Refer to Sizing Approaches and Logic for information on how these numbers are calculated

The point of Sizing Charts is simply to give exact presentation of the Sizing Details in charts.  Any value in Sizing Charts is reflected in Sizing Details.  Sizing Details being thorough is frankly a table with a lot of numbers.  Sizing Charts then puts it in nice charts if user wants to see it.  Also good to capture in proposals

Separate is Storage Calculator which allows you to enter your own set of nodes and see extent store and a derived effective capacity.  That is NOT tied to the scenario in terms of workloads, recommendation, sizing details.  More info on different page.

Here is the Sizing Details for a Scenario

This is sample scenario that is used to describe the charts.

Here is the Sizing Charts for this scenario

There is an option to view all charts at once.  You can see there is a 1:1 coorespondance between the Sizing Details and the charts for Cores, Ram, HDD, and SSD.  Also shown is the breakout for SSD CVM and HDD CVM.  Maybe a technical customer wants to see the details but in graphical form and this would cover it

Each of these can be looked at individually so you can just look at what interests you

Cores

Here you see the sizing elements for Core.  The tooltip shows the applied weight adjustment and memory adjustments.  The donut shows the CVM, workload requirement and usable remaining cores.

RAM

 

This is the RAM chart.  In this scenario there is 17 TiB of RAM available.  CVM consumes 1 TiB, workload consumes 14.45 TiB and 2.04 TiB remaining

HDD

This shows HDD.  The total amount of HDD space is RAW plus storage efficiency which in this case is just compression.  Dedupe of ECX are two other technologies that save space.   So because of compression savings we actually can deal with a total of 418.49 TiB.  That number is the size of the donut chart.  From there things that consume space would be the workload, RF overhead, and CVM.  Usable remaining HDD then is 122.59 TiB.  In sizing details it is reported as Usable remaining capacity  (Assuming RF2) = 122.59/2 = 61.3 or Usable remaining capacity  (Assuming RF3) = 122.59/3 = 40.86

SSD

This shows SSD.  The total amount of SSD space is RAW plus storage efficiency which in this case is just compression.  Dedupe of ECX are two other technologies that save space.    For SSD (as explained in Sizing details) we do also add back oplog because being a write journal it is user space.  So because of compression savings  and adding back oplog we actually can deal with a total of 302.06 TiB.  That number is the size of the donut chart.  From there things that consume space would be the workload, RF overhead, and CVM.  Usable remaining HDD then is 31.34 TiB.  In sizing details it is reported as Usable remaining capacity  (Assuming RF2) = 31.34/2 = 15.67 or Usable remaining capacity  (Assuming RF3) = 31.34/3 = 10.45

HDD CVM

There is a chart that shows the CVM components on HDD.  In case of All Flash solution all CVM components are stored in SSD

SSD CVM

There is a chart that shows the CVM components on SSD.  In case of All Flash solution all CVM components are stored in SSD.

Questions

What is purpose of Storage Charts?   –  Simply to give a graphical picture of the numbers in Sizing Details.  Here you can see Cores, RAM, HDD, SSD that is consumed and what is available for RF2 or RF3.  It is tied to the scenario.  Thus changing workloads or models will change the charts

What is purpose of Storage Calculator?   –  It is separate from the scenario in terms of workloads and recommendations.  It is intended to allow user to scope amount of storage that is available for given set of nodes.  It answers what is the potential storage available for those nodes.

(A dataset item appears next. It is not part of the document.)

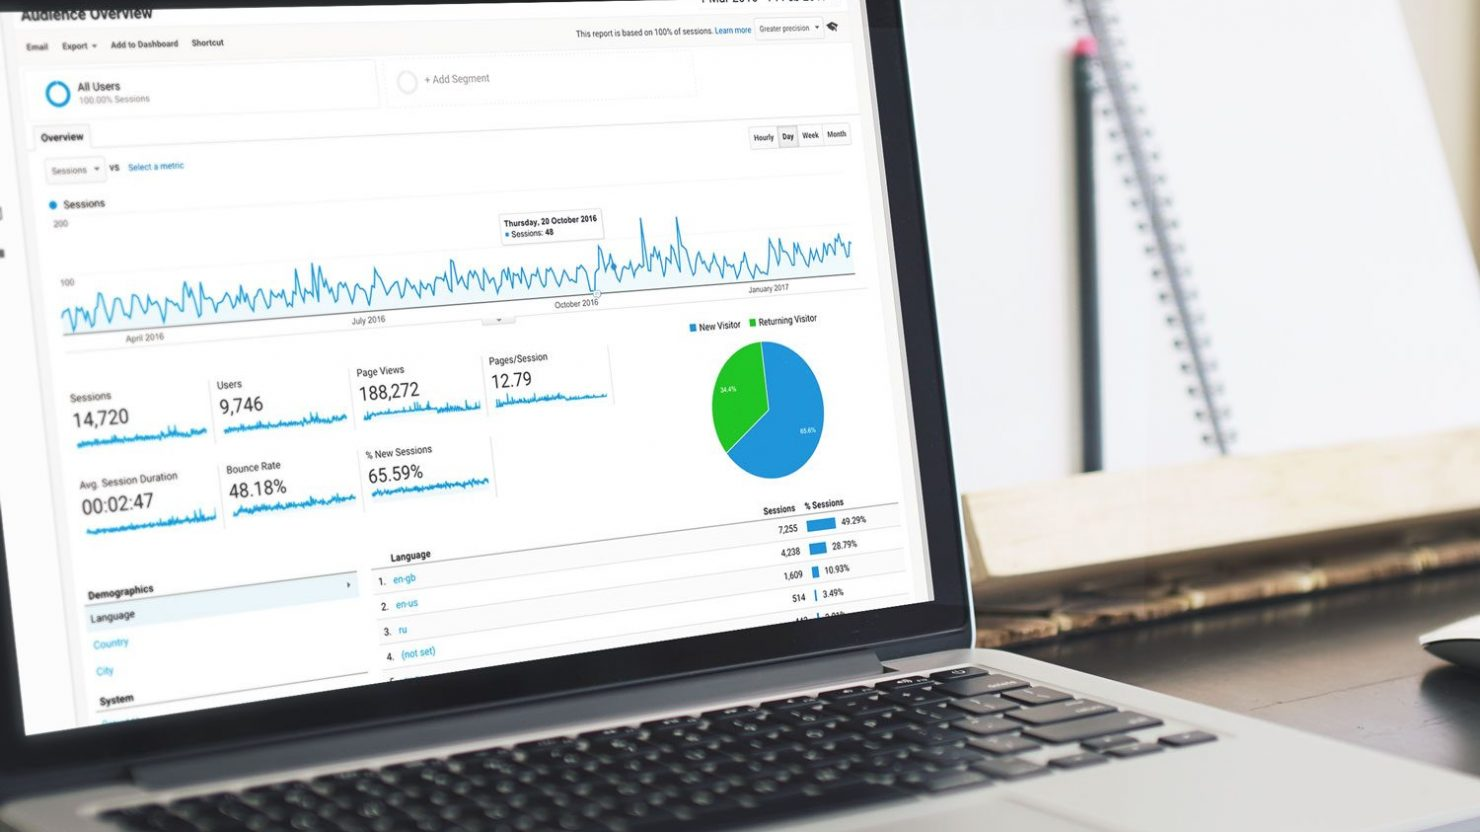 Apple iMac with Google Analytics data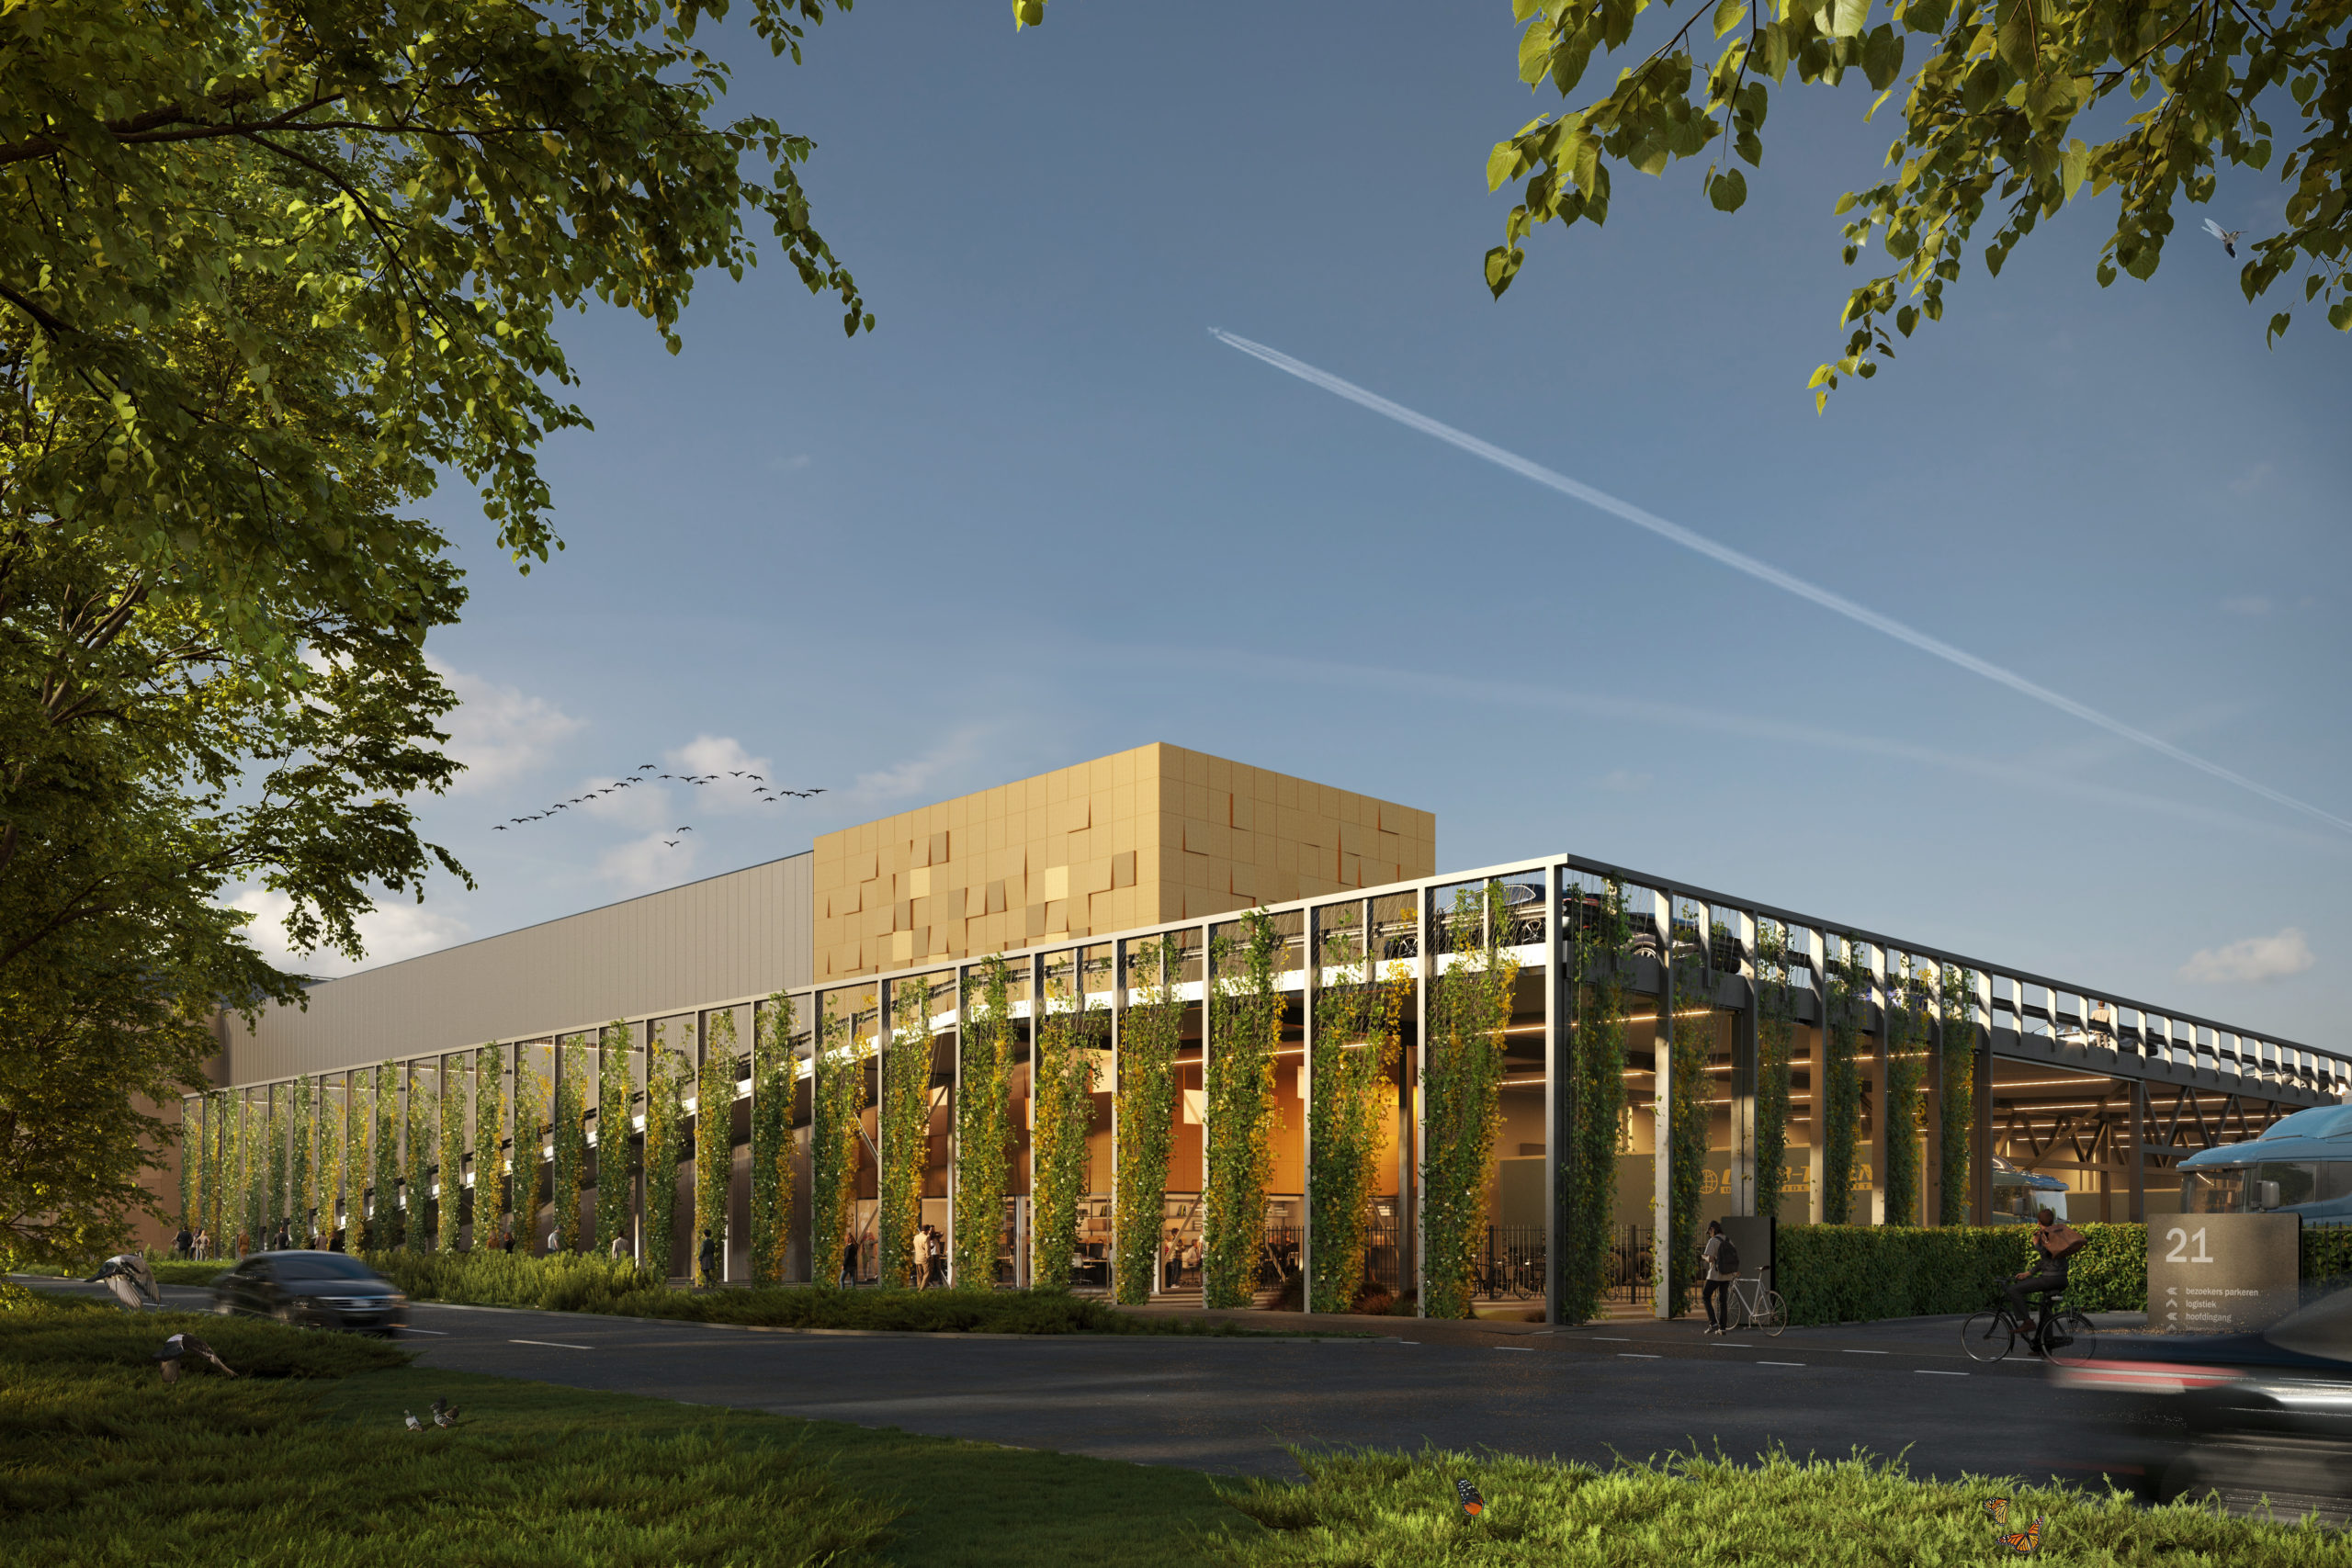 VDG Warehouse Schiphol

Do I need the Storage Charts?  –  Since it is 100% duplicate of Sizing Details, not necessarily.  It does give a graphical view though

Well the dials of course.  In our user focus groups everyone loved the dials and yep we kept them.  On left is the node count, power, and rack space.

 

What are the thresholds?

Just hover your mouse over CPU, RAM, HDD ,or SSD and can see it.    However, it is 95% for CPU and RAM, 90% for HDD and 98% for SSD.

re the dials set for N+1?

Depends!!   The dials show the utilization for what you configure the sizing for.  So in auto, there is aggressive  (n+0) , standard  (n+1), conservative (n+2).  In manual,  you are in the driver seat and define the models (ok can only have legitimate parts for that model).  So in manual the dials show you what utilization is available for the models you defined.

 

 

Sizer supports multiple clusters.  Each workload can be assigned to any cluster.  Then in the recommendation you can view results for All Clusters or separately on a cluster by cluster basis

Here is recommendation for All Clusters,  All the hardware and all the workloads are combined in one view.

 

The Sizing Details also reflect the sizing information for all the clusters combined.

Here is same recommendation but for just one cluster.  Note just the  hardware and the workloads assigned to that cluster is in the view.

 

The Sizing Details reflect the sizing information just for that cluster.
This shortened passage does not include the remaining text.